INFORMATION PROVIDED START
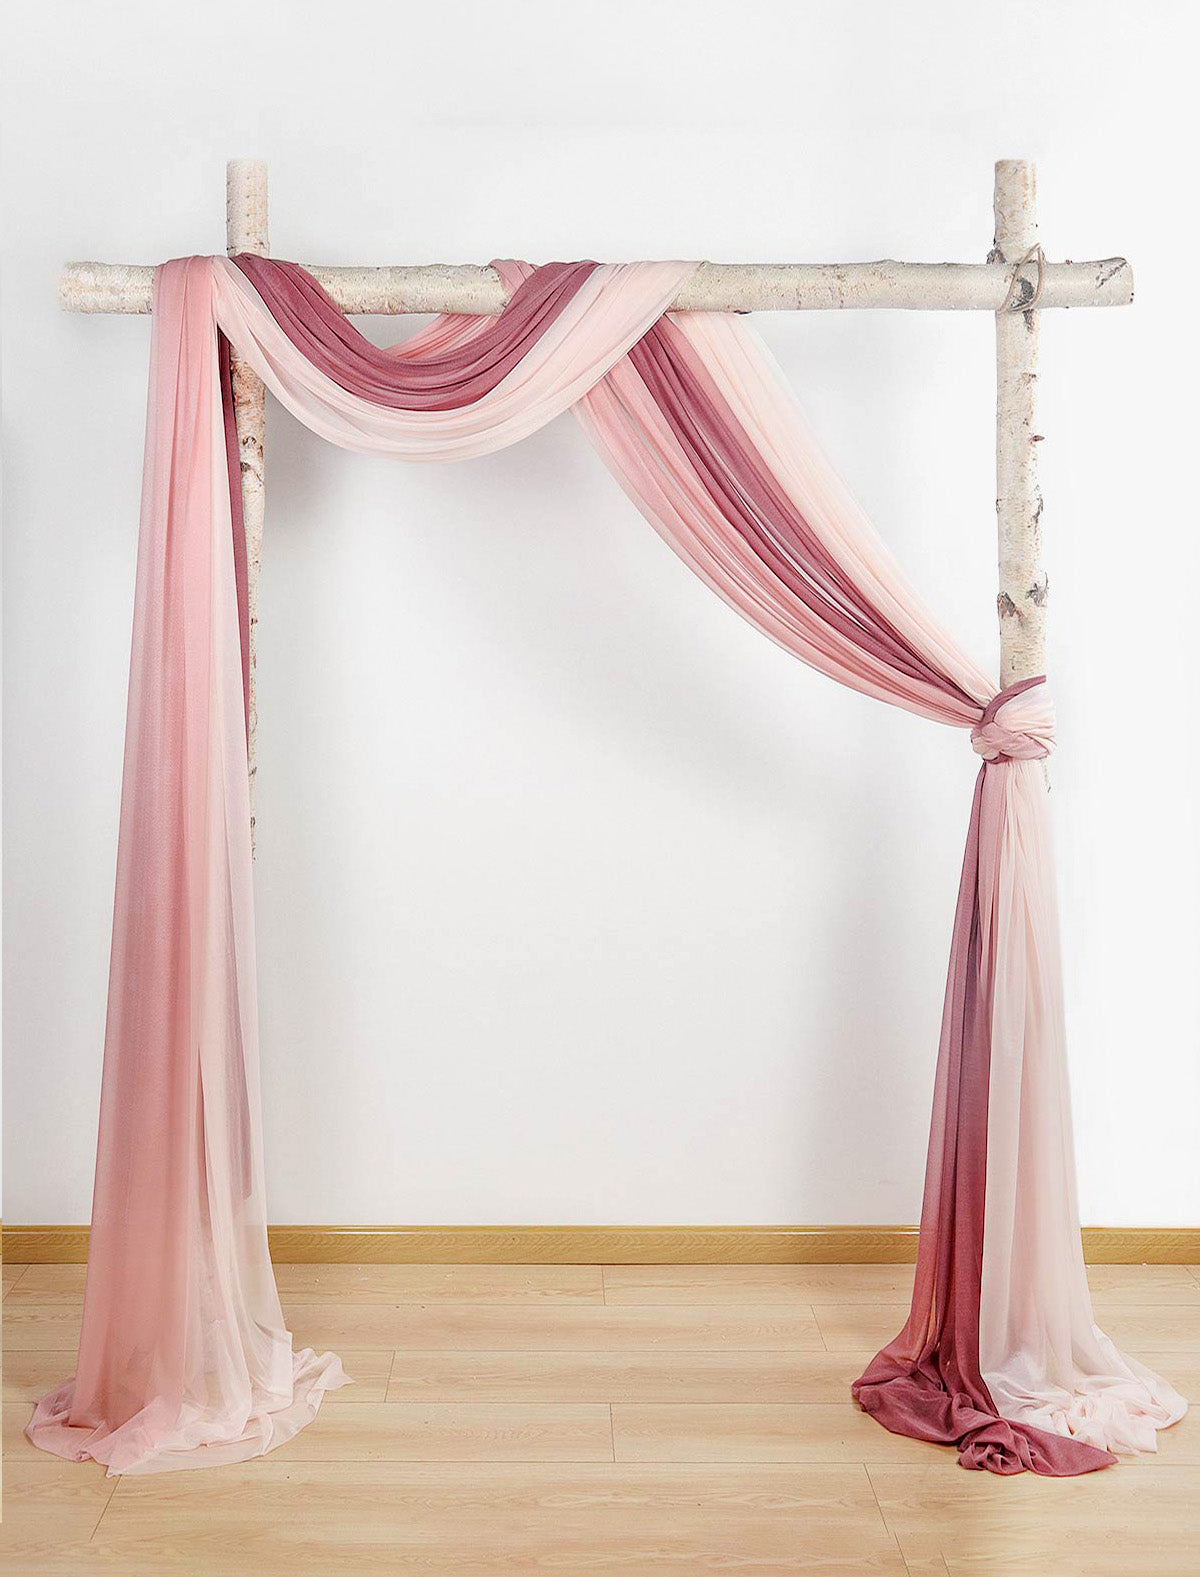 3 Pcs Romantic Wedding Arch Draping 29"w x 19.7ft - Dusty Pink & Mauve & Blush Pink
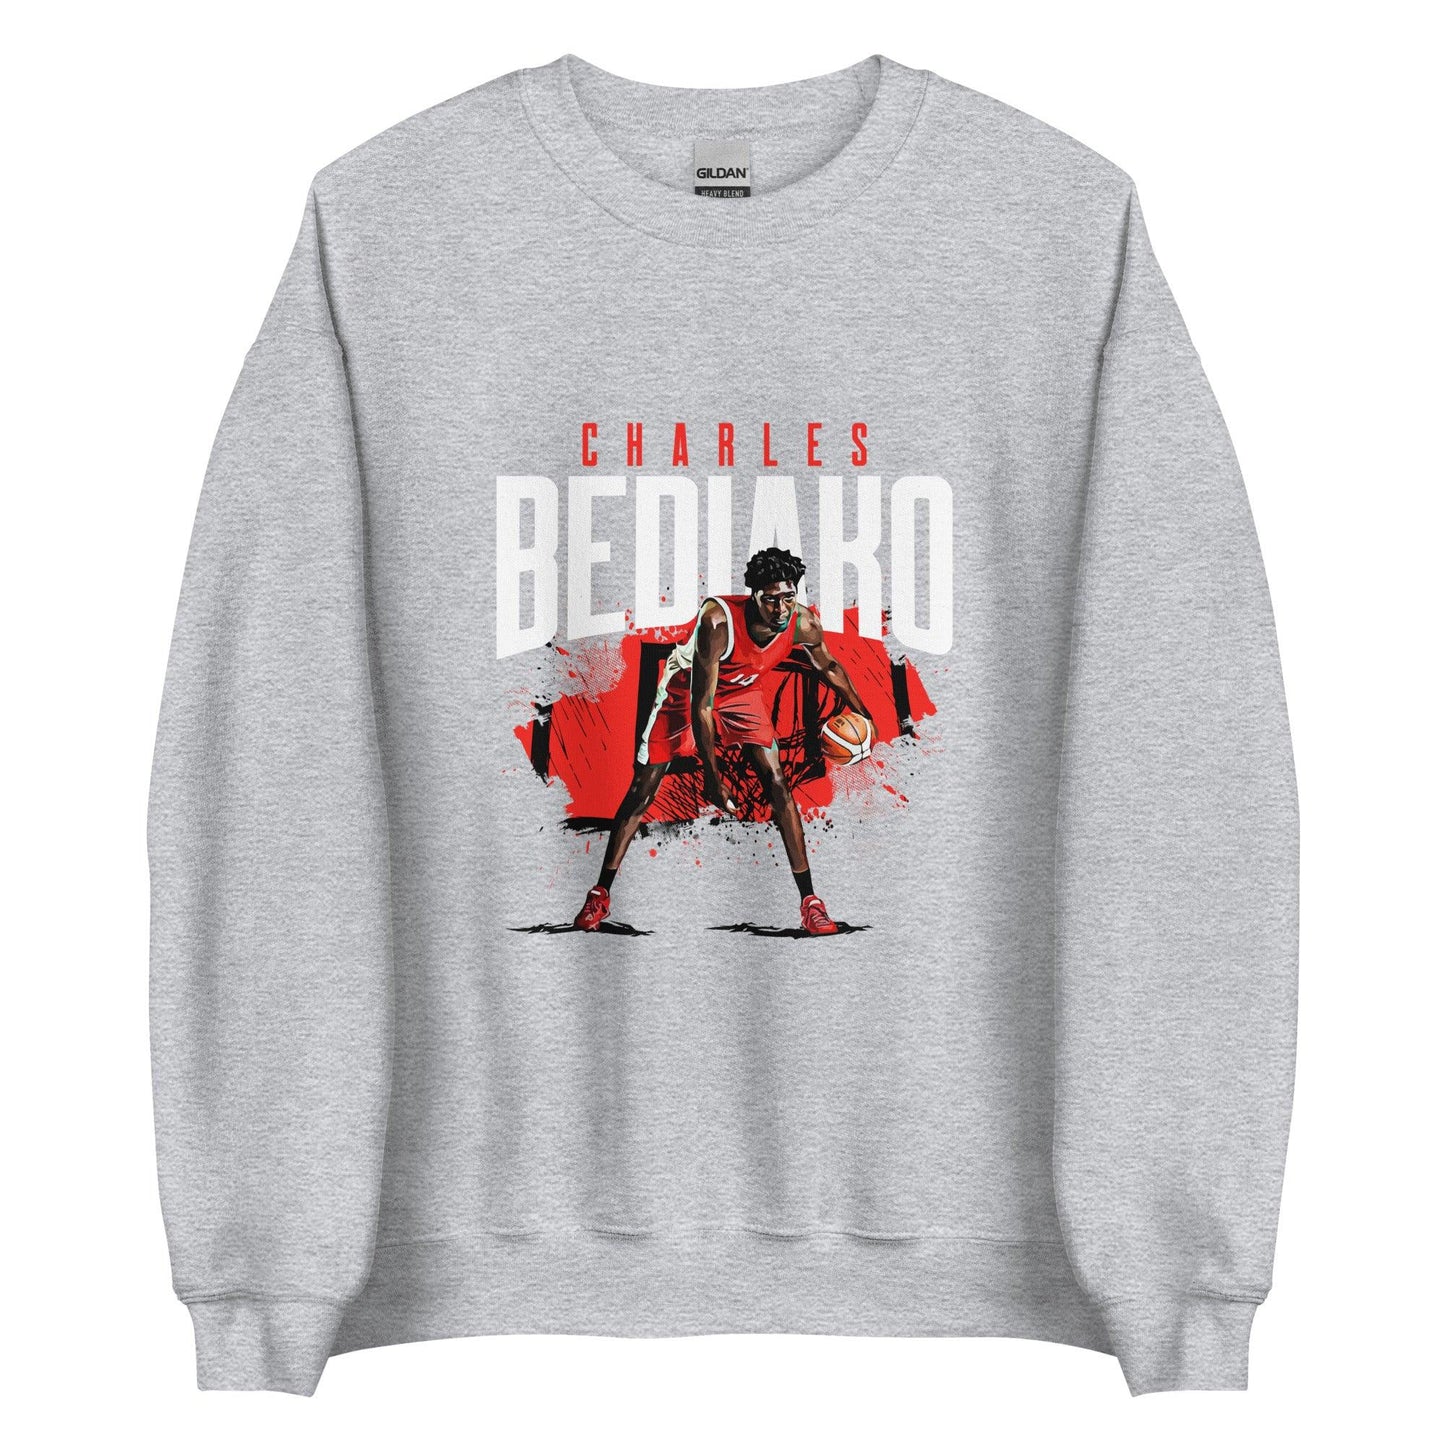 Charles Bediako "Crossover" Sweatshirt - Fan Arch
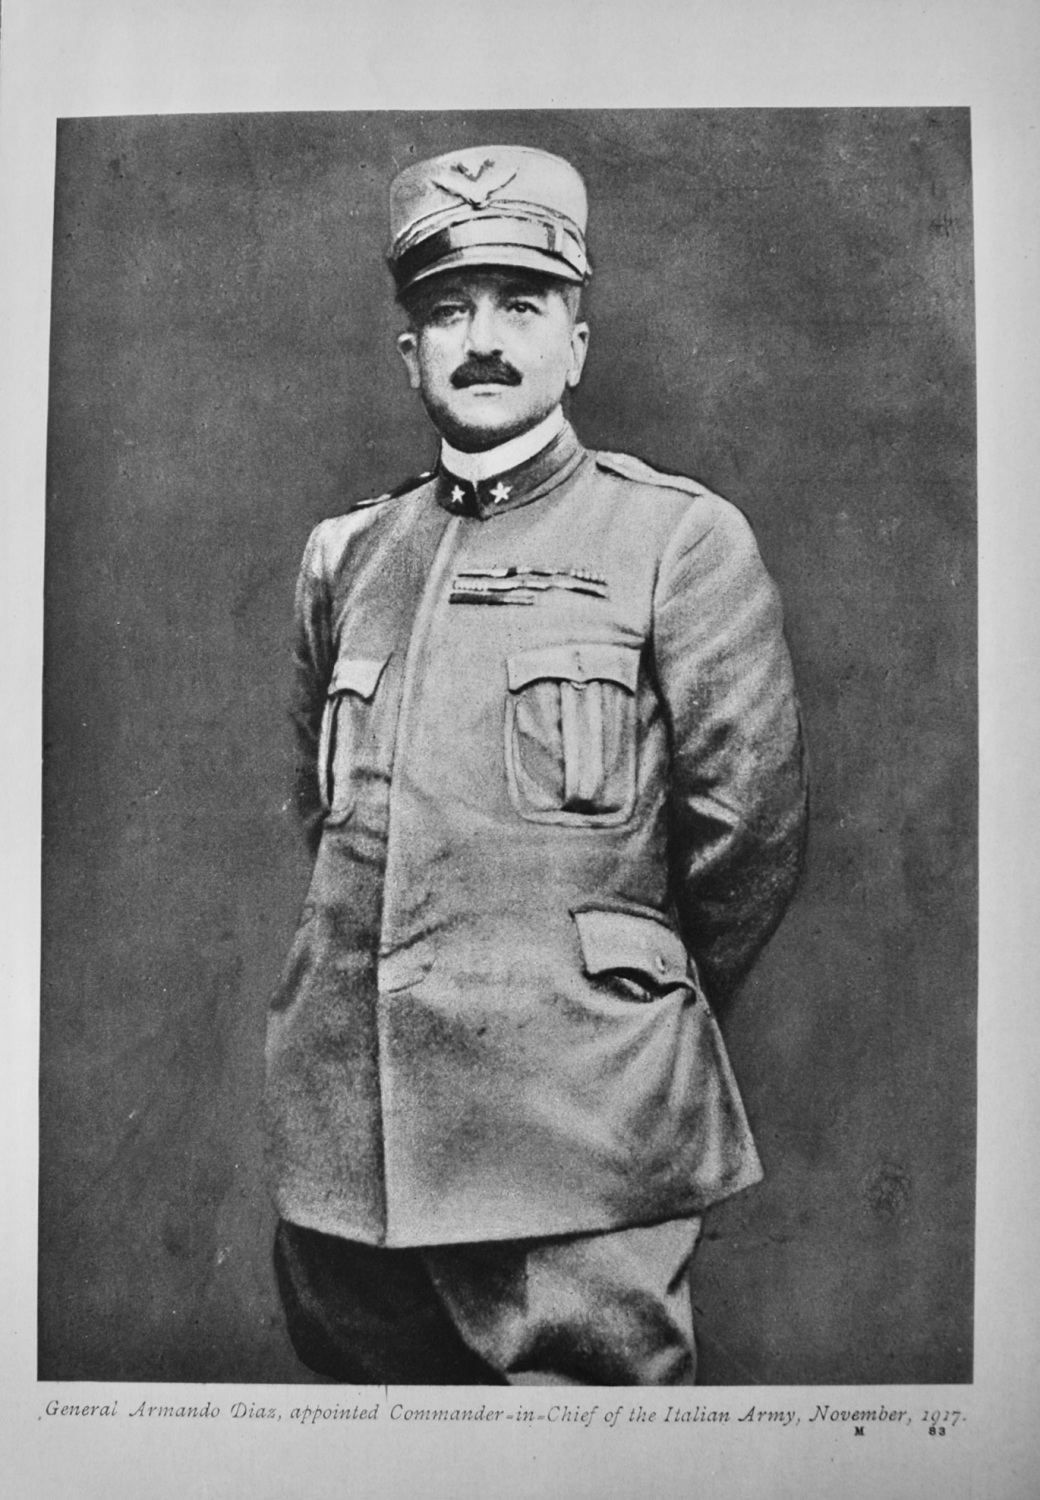 General Armando Dias, appointed Commander-in-Chief of the Italian Army, Nov
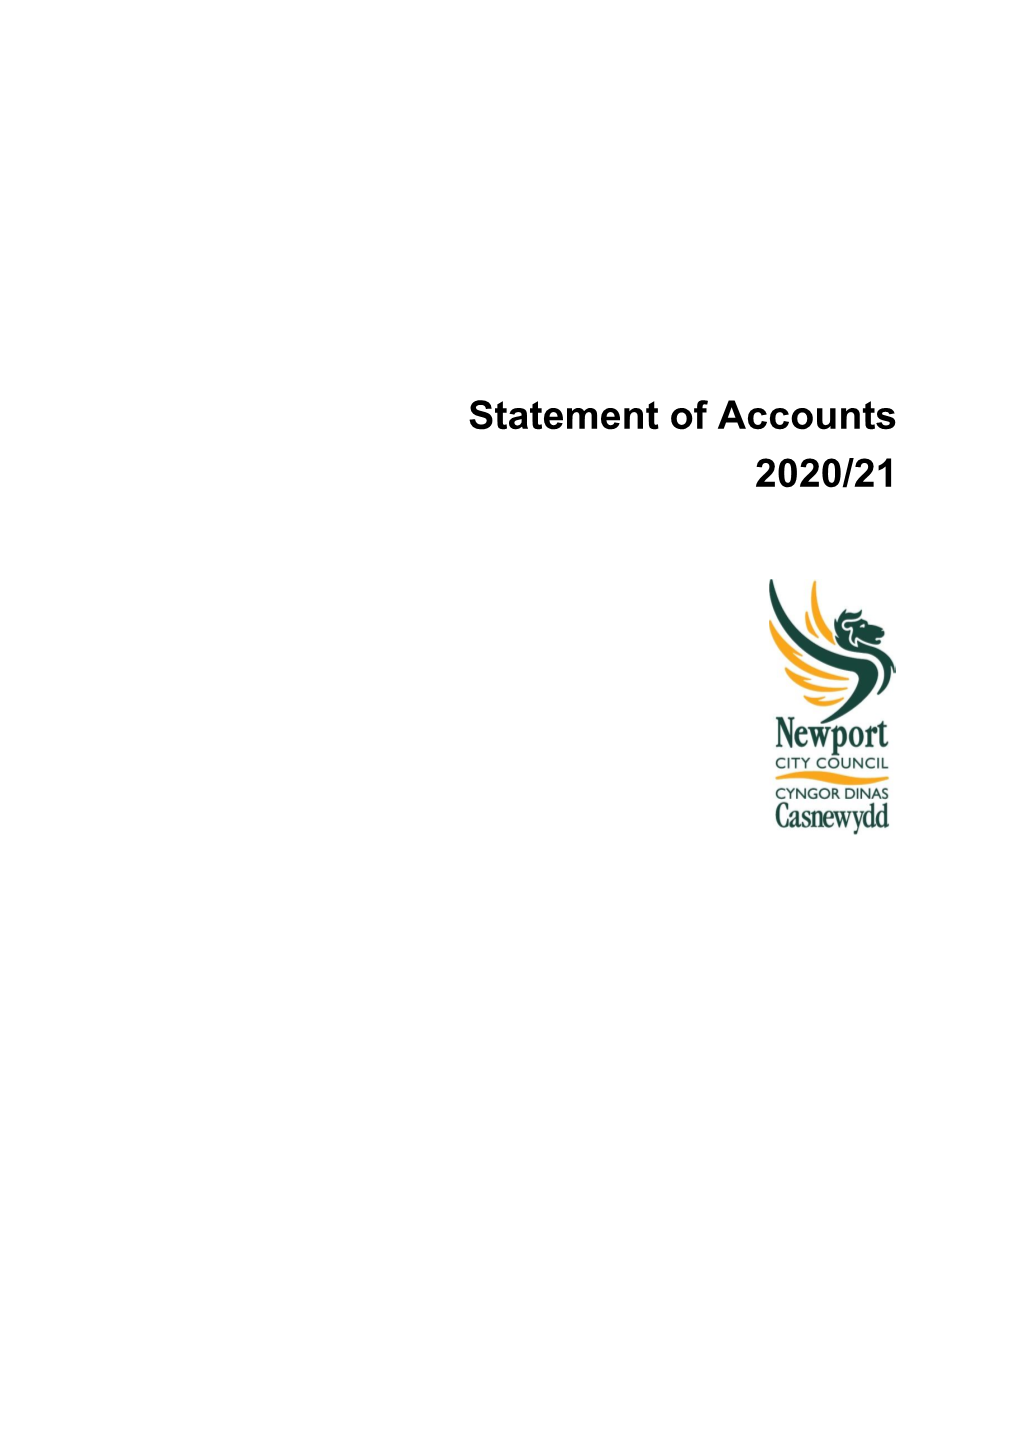 Statement of Accounts 2020/21
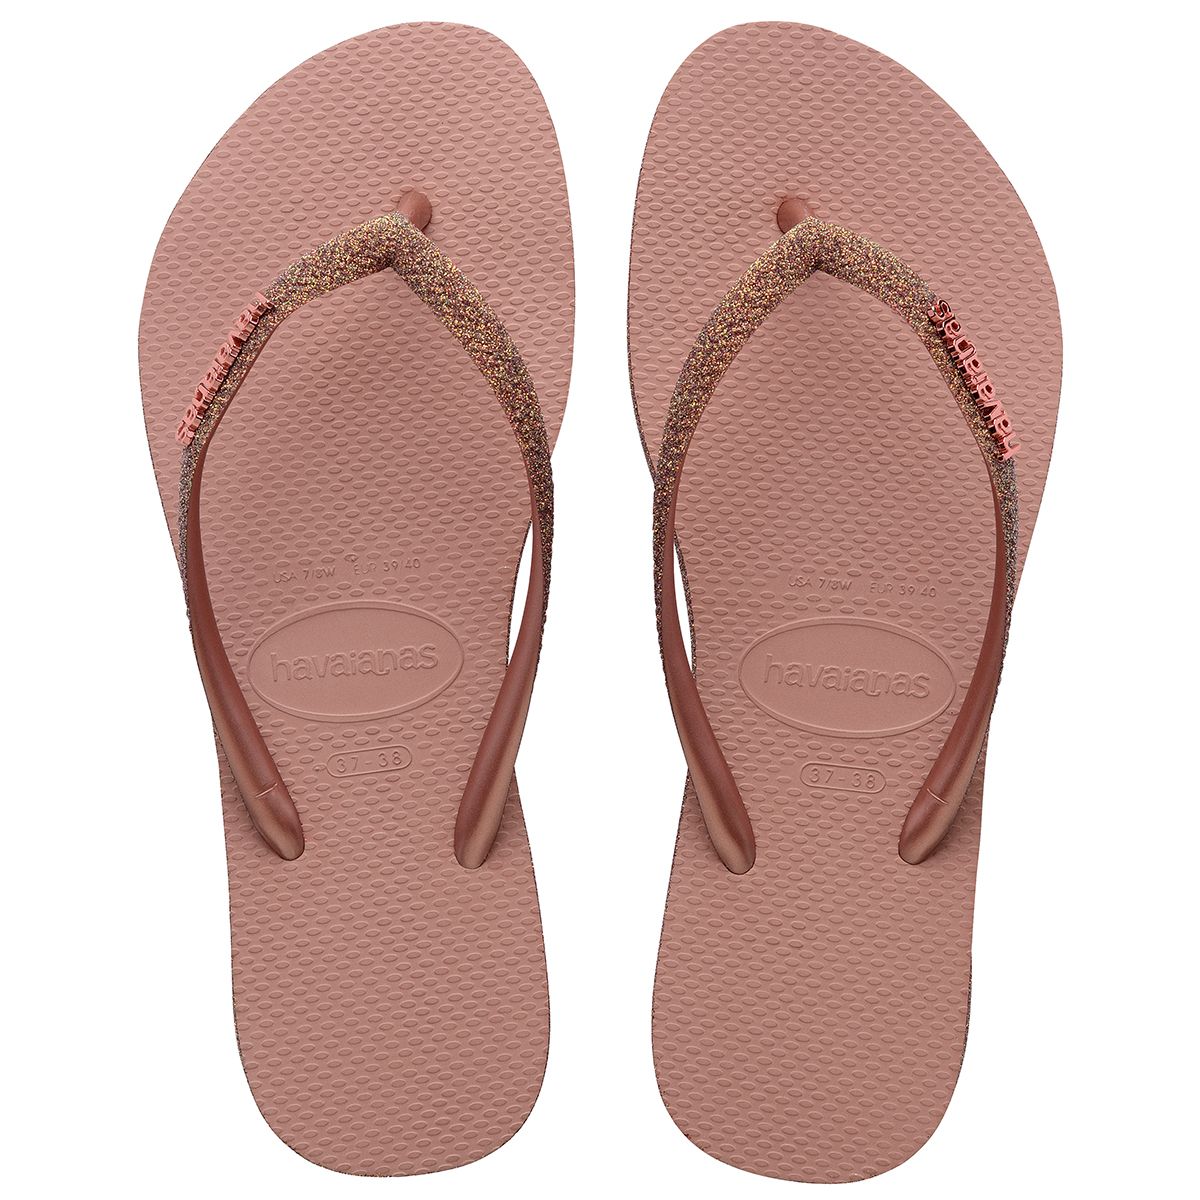 Havaianas Slim Sparkle 2 Womens Sandal 3544-Crocus Rose 7
INFORMATION PROVIDED END
PROBLEM STATEMENT:
Give again, word for word, the line that contains "Sweatshirt - Fan Arch" and every line after it through the end of the entries; omit the pictures.

SOLUTION TO THIS TASK:
 Charles Bediako "Crossover" Sweatshirt - Fan Arch
 General Armando Dias, appointed Commander-in-Chief of the Italian Army, Nov
 Statement of Accounts 2020/21
 Havaianas Slim Sparkle 2 Womens Sandal 3544-Crocus Rose 7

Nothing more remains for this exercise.